Following the above changes the following logs repeatedly appear in syslog:
Mar 12 00:18:17 moggy winbindd[620]: [2021/03/12 00:18:17.054799,  0] ../../lib/util/util_runcmd.c:352(samba_runcmd_io_handler)
Mar 12 00:18:17 moggy winbindd[620]:   /usr/sbin/samba-gpupdate: add_local_groups: SID S-1-5-21-4012640977-2272627666-3977488320-5102 -> getpwuid(15102) failed, is nsswitch configured?
Mar 12 00:18:17 moggy winbindd[620]: [2021/03/12 00:18:17.056451,  0] ../../lib/util/util_runcmd.c:352(samba_runcmd_io_handler)
Mar 12 00:18:17 moggy winbindd[620]:   /usr/sbin/samba-gpupdate: Traceback (most recent call last):
Mar 12 00:18:17 moggy winbindd[620]: [2021/03/12 00:18:17.056569,  0] ../../lib/util/util_runcmd.c:352(samba_runcmd_io_handler)
Mar 12 00:18:17 moggy winbindd[620]:   /usr/sbin/samba-gpupdate:   File "/usr/sbin/samba-gpupdate", line 103, in <module>
Mar 12 00:18:17 moggy winbindd[620]: [2021/03/12 00:18:17.056599,  0] ../../lib/util/util_runcmd.c:352(samba_runcmd_io_handler)

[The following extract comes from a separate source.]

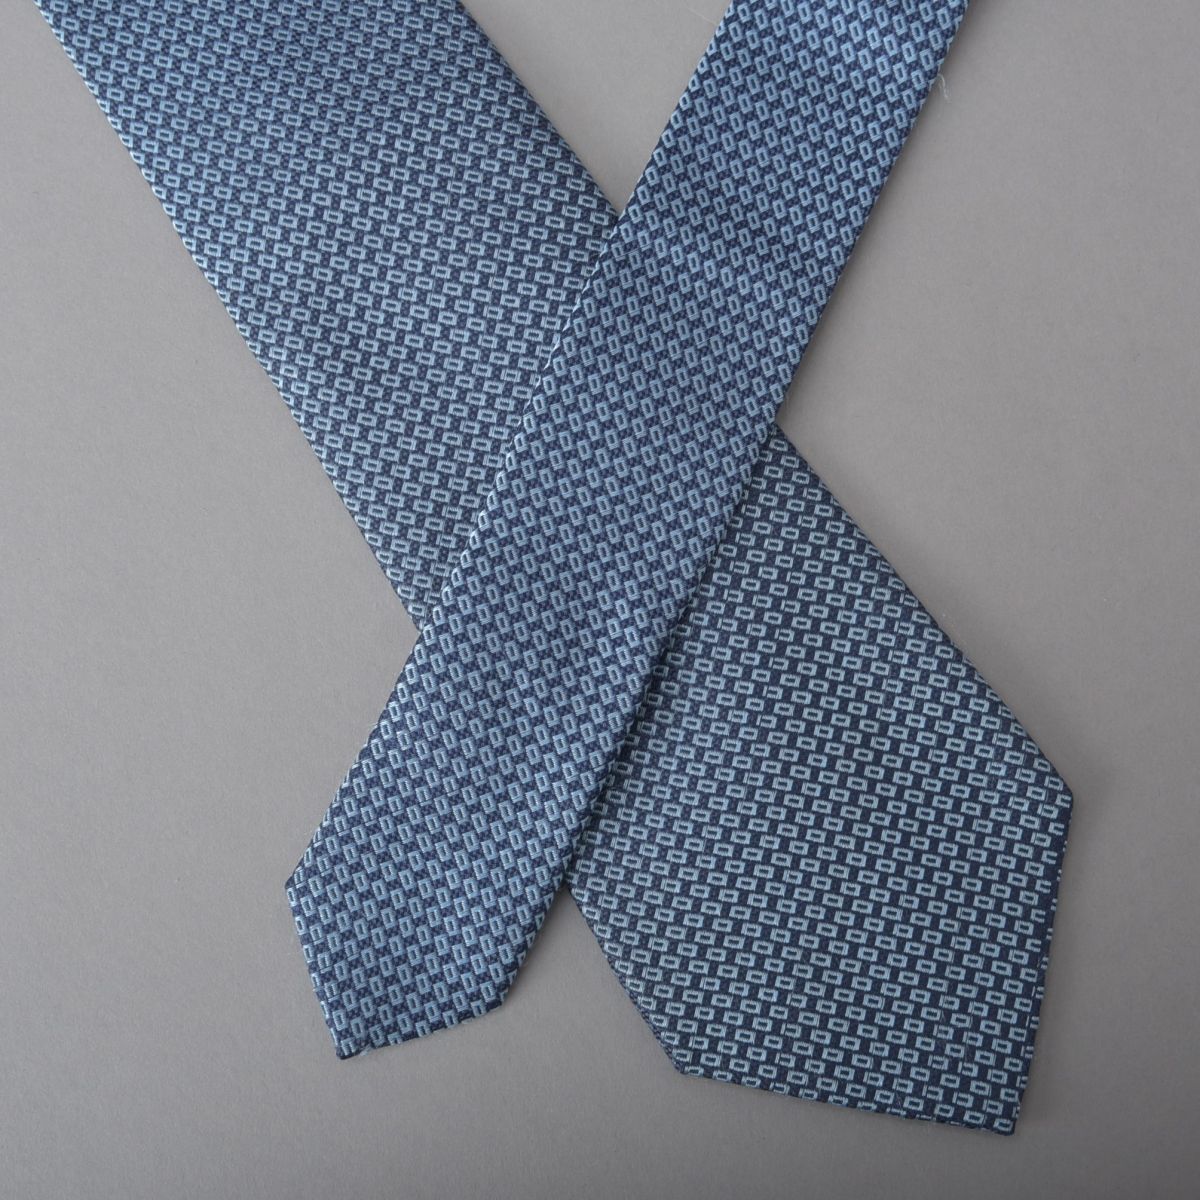  хорошая вещь joru geo Armani галстук rek tang ru шелк голубой темно-синий 4 квадратная форма общий рисунок бизнес джентльмен костюм ARMANI бренд *N69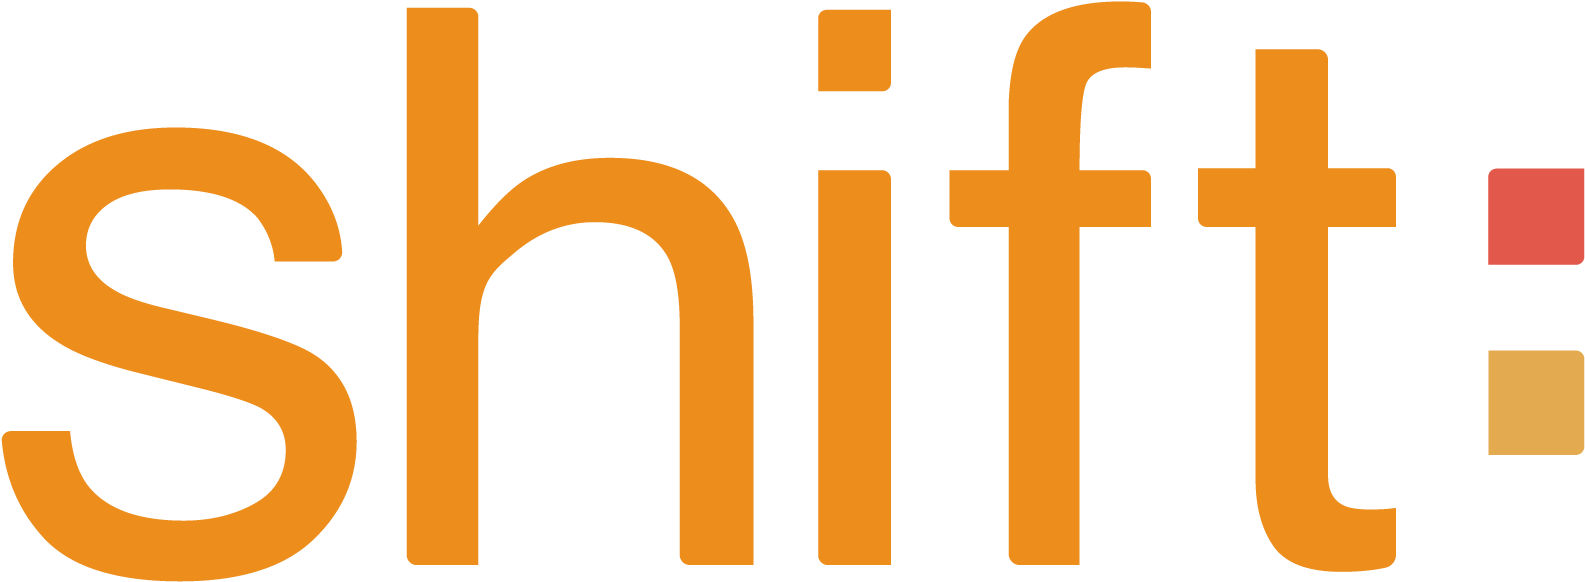 Shiftee Logo Orange PNG

Mar 12 00:18:17 moggy winbindd[620]:   /usr/sbin/samba-gpupdate:     apply_gp(lp, creds, logger, store, gp_extensions, opts.force)
Mar 12 00:18:17 moggy winbindd[620]: [2021/03/12 00:18:17.056625,  0] ../../lib/util/util_runcmd.c:352(samba_runcmd_io_handler)
Mar 12 00:18:17 moggy winbindd[620]:   /usr/sbin/samba-gpupdate:   File "/usr/lib/python3/dist-packages/samba/gpclass.py", line 437, in apply_gp
Mar 12 00:18:17 moggy winbindd[620]: [2021/03/12 00:18:17.056652,  0] ../../lib/util/util_runcmd.c:352(samba_runcmd_io_handler)
Mar 12 00:18:17 moggy winbindd[620]:   /usr/sbin/samba-gpupdate:     gpos = get_gpo_list(dc_hostname, creds, lp)
Mar 12 00:18:17 moggy winbindd[620]: [2021/03/12 00:18:17.056677,  0] ../../lib/util/util_runcmd.c:352(samba_runcmd_io_handler)
Mar 12 00:18:17 moggy winbindd[620]:   /usr/sbin/samba-gpupdate:   File "/usr/lib/python3/dist-packages/samba/gpclass.py", line 370, in get_gpo_list
Mar 12 00:18:17 moggy winbindd[620]: [2021/03/12 00:18:17.056733,  0] ../../lib/util/util_runcmd.c:352(samba_runcmd_io_handler)
Mar 12 00:18:17 moggy winbindd[620]:   /usr/sbin/samba-gpupdate:     gpos = ads.get_gpo_list(creds.get_username())
Mar 12 00:18:17 moggy winbindd[620]: [2021/03/12 00:18:17.056768,  0] ../../lib/util/util_runcmd.c:352(samba_runcmd_io_handler)
Mar 12 00:18:17 moggy winbindd[620]:   /usr/sbin/samba-gpupdate: RuntimeError: Failed to get machine token for 'MOGGY$'(CN=MOGGY,OU=debian,DC=microlynx,DC=org): The specified account does not exist.

This is also happening with Samba Version 4.14.2.